Some parts of Brute Force are funnier if you’re familiar with the rest of Spangler’s work. It’s probably an inevitable part of being the fourth installment in a series that is itself set in the five year gap between two narrative parts of a webcomic. But the thing that first struck me was a mention of gardening – any mention of yardwork becomes tragicomic when you’ve read about Spangler’s misadventures in rebuilding the Randall Jarrell house.

Spangler manages to stay topical and current in a sea of wildly varied emergent concerns. Every one of the Rachel Peng novels so far has tackled a facet of that, in addition to the difficulties of living as part of a hive mind and being a cyborg in general. One of the interesting issues with the hive mind - particularly a hive mind centered in DC - is that it manages to encompass a variety of political beliefs. The books are about politics, but don't particularly proselytize any one political view - except maybe the view that you probably shouldn't trust most politicians as far as you can throw them.
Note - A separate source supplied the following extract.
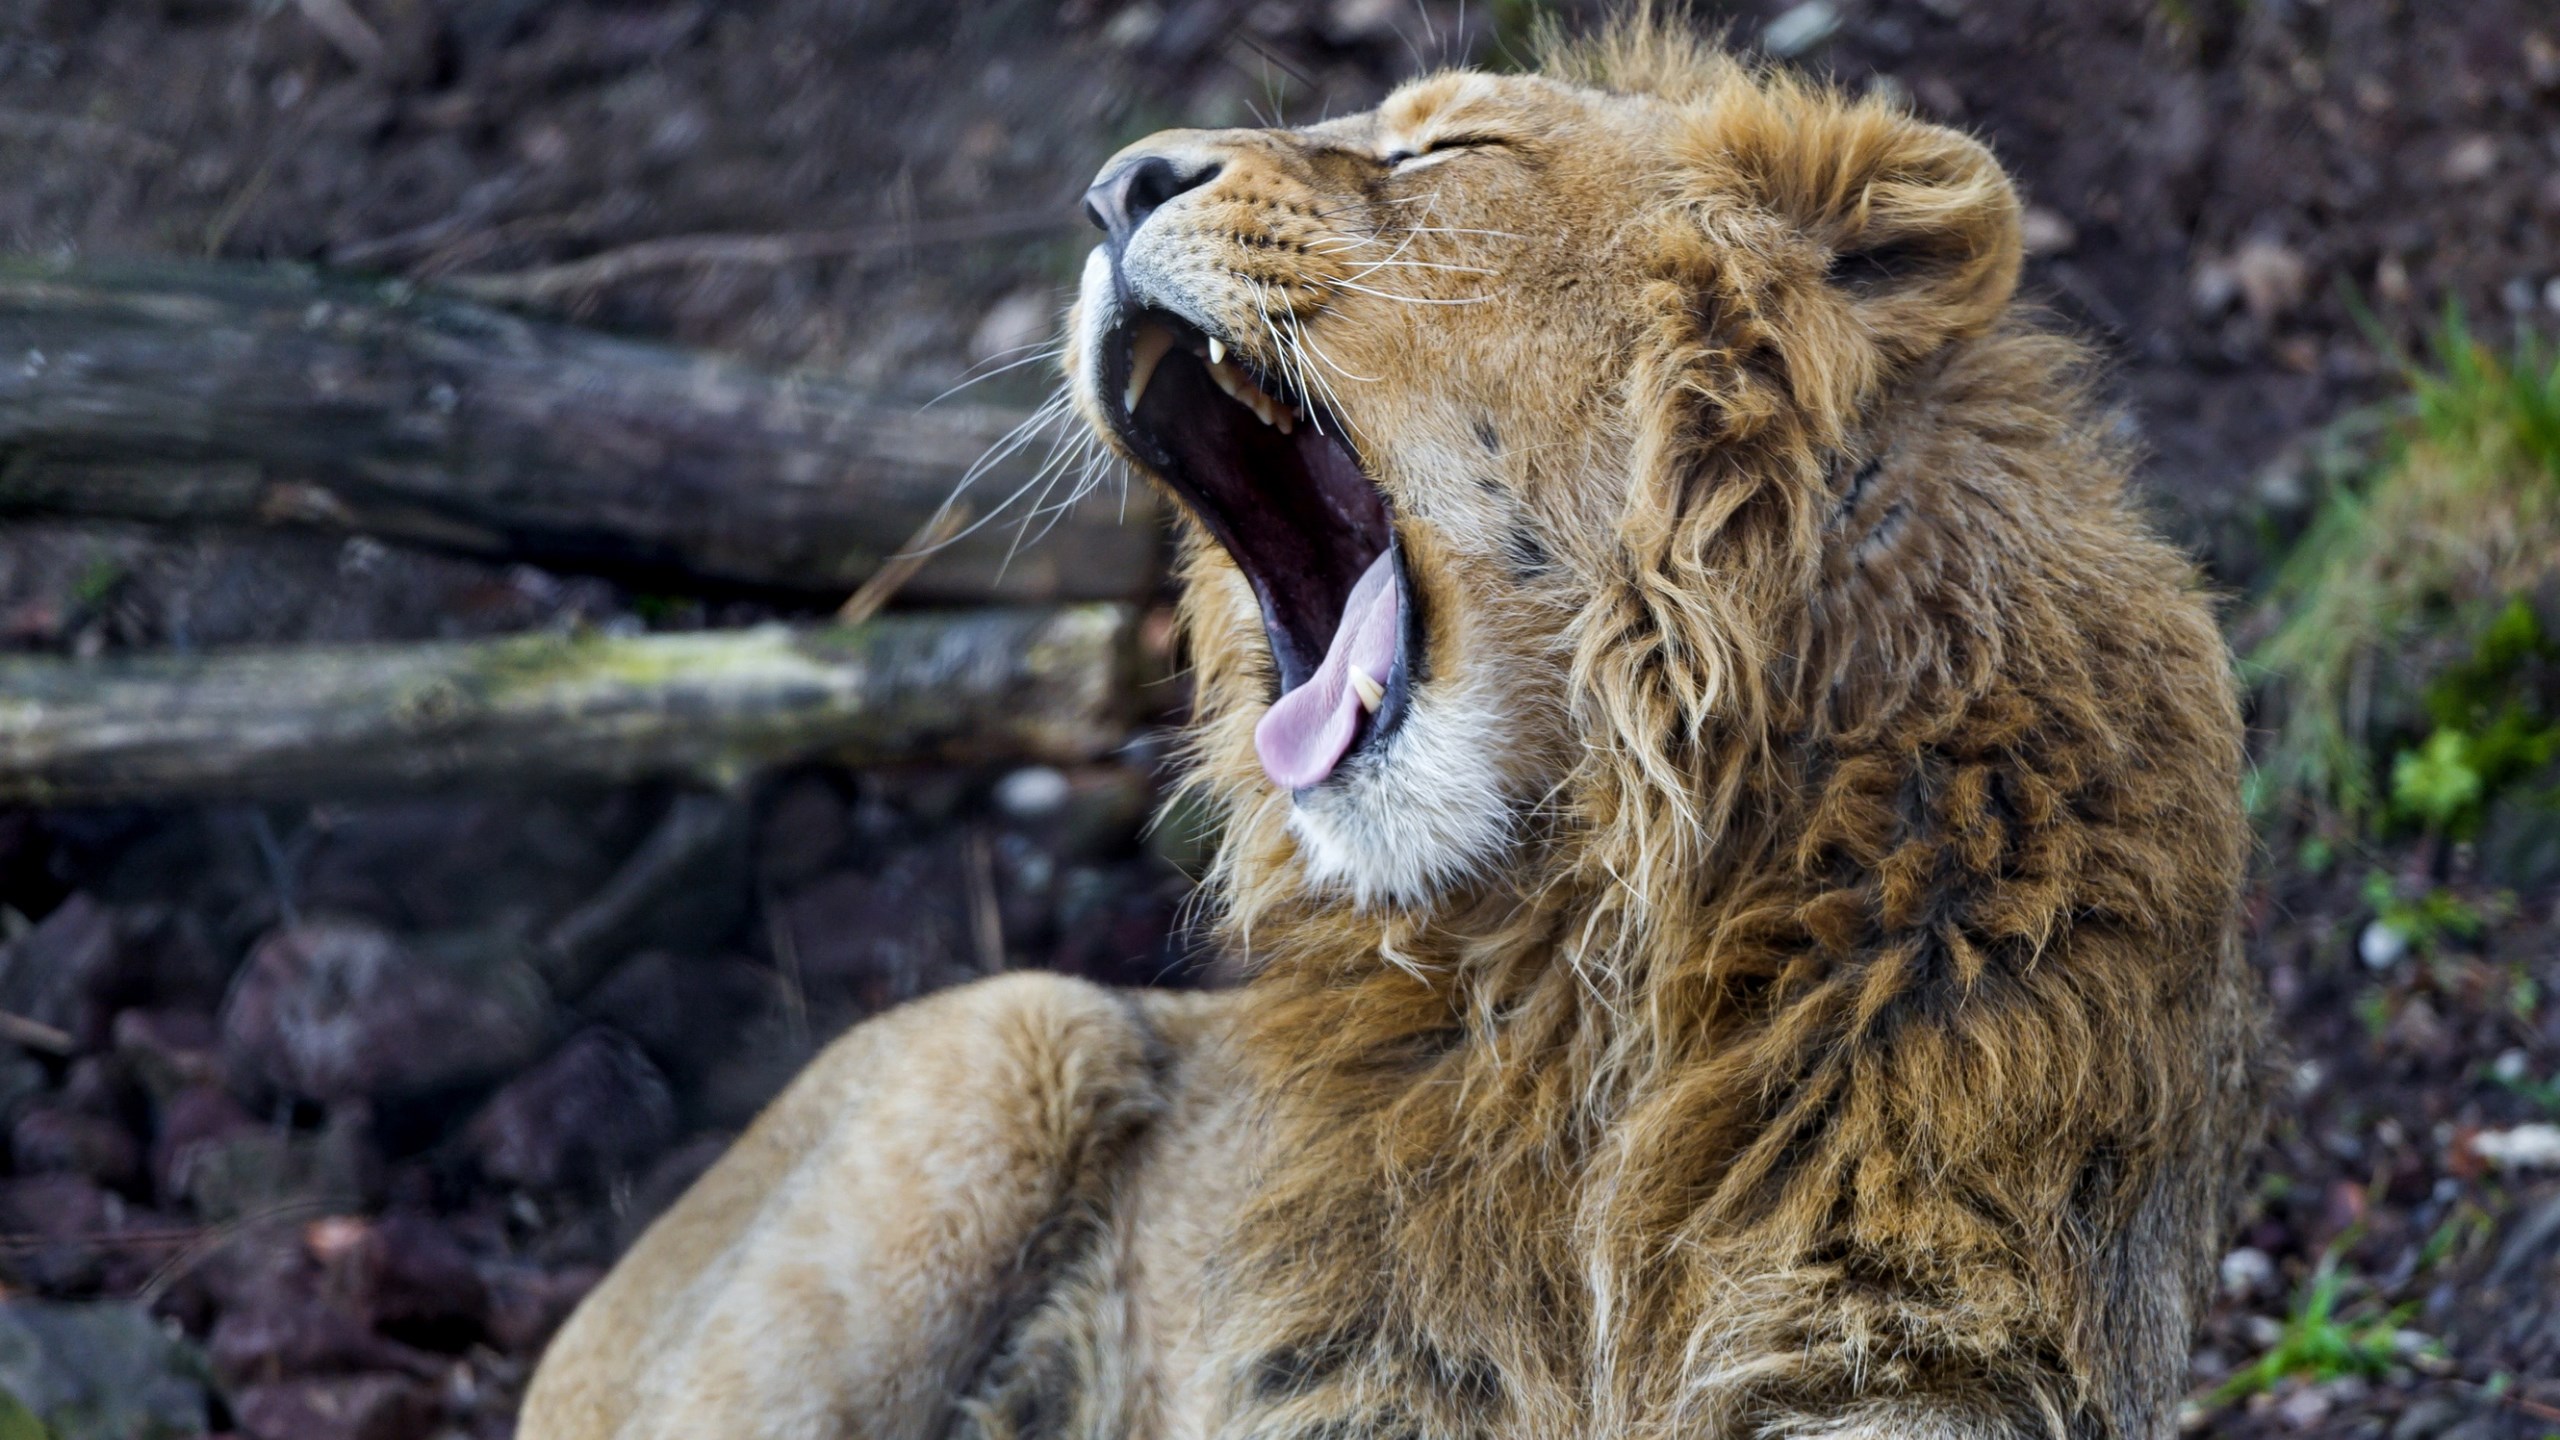 Loud Roaring Lion Image - Masai Lion , HD Wallpaper & Backgrounds

The pacing of this book starts with a bang and then just keeps rolling; one of my favorite things in suspense novels is when everything just keeps happening such that sleep becomes wildly elusive, and Brute Force delivers on that. Things just keep rolling in such a way that hints are dropped and missed just because there's too much else to do. I'll have to reread and see what I can pick up on a second pass - and Spangler's works take rereading well, so this is no hardship - because when I got to the end I wasn't expecting the reveal. It left me surprised and delighted, but now I want to hunt through for what I missed in terms of clues while I was distracted by militias and functionally psychic cyborgs.